Parmotrema acrotrychum

Scientific classification
- Domain: Eukaryota
- Kingdom: Fungi
- Division: Ascomycota
- Class: Lecanoromycetes
- Order: Lecanorales
- Family: Parmeliaceae
- Genus: Parmotrema
- Species: P. acrotrychum
- Binomial name: Parmotrema acrotrychum (Kurok.) Streimann (1986)
- Synonyms: Parmelia acrotrycha Kurok. (1979);

= Parmotrema acrotrychum =

- Authority: (Kurok.) Streimann (1986)
- Synonyms: Parmelia acrotrycha Kurok. (1979)

Species of lichen

Parmotrema acrotrychum is a species of lichen in the family Parmeliaceae. First discovered in Papua New Guinea, it was originally described in 1979 by Japanese lichenologist Syo Kurokawa as a species of Parmelia.

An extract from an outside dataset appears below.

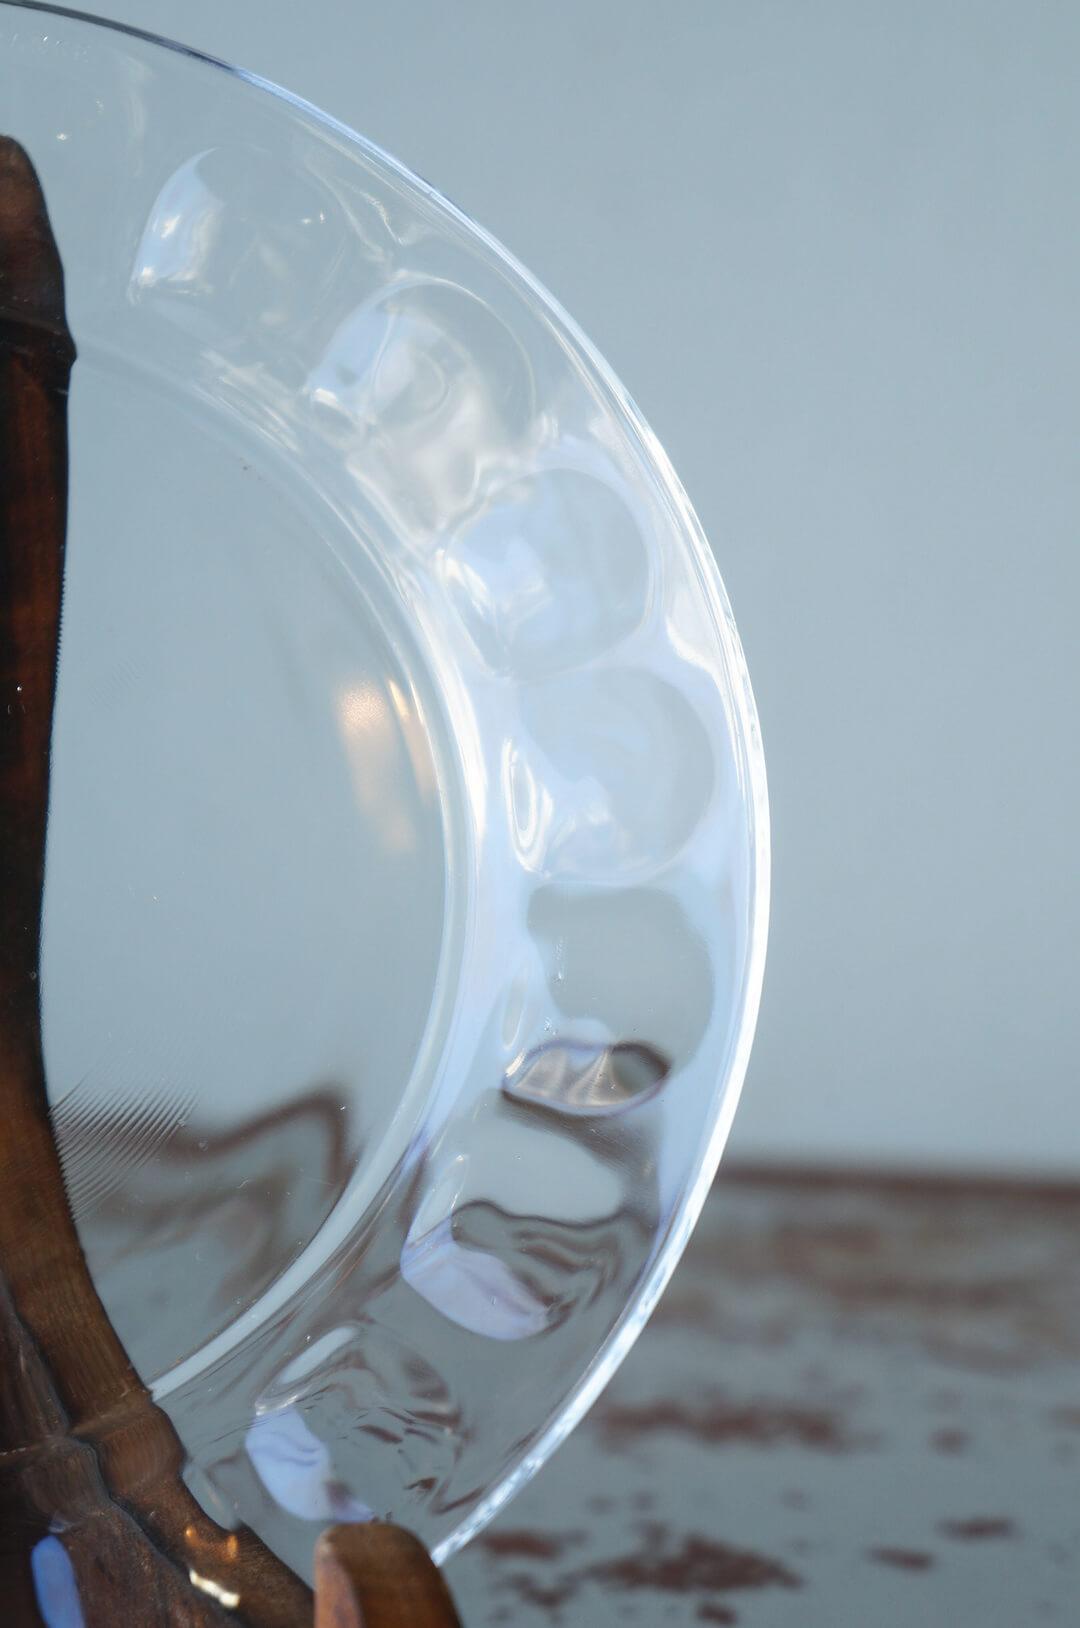 arcoroc Plate Glass Ware Made In France/アルコロック プレート ガラス フランス製 食器 レトロ スモールサイズ 2

Heinar Streimann transferred it to the genus Parmotrema in 1986. The lichen has also been found in Queensland (Australia) and Malaysia. It has been shown to contain a variety of secondary chemicals, including atranorin, fumarprotocetraric acid, succinprotocetraric acid, chloroatranorin, protocetraric acid, protolichesterinic acid, and lichesterinic acid.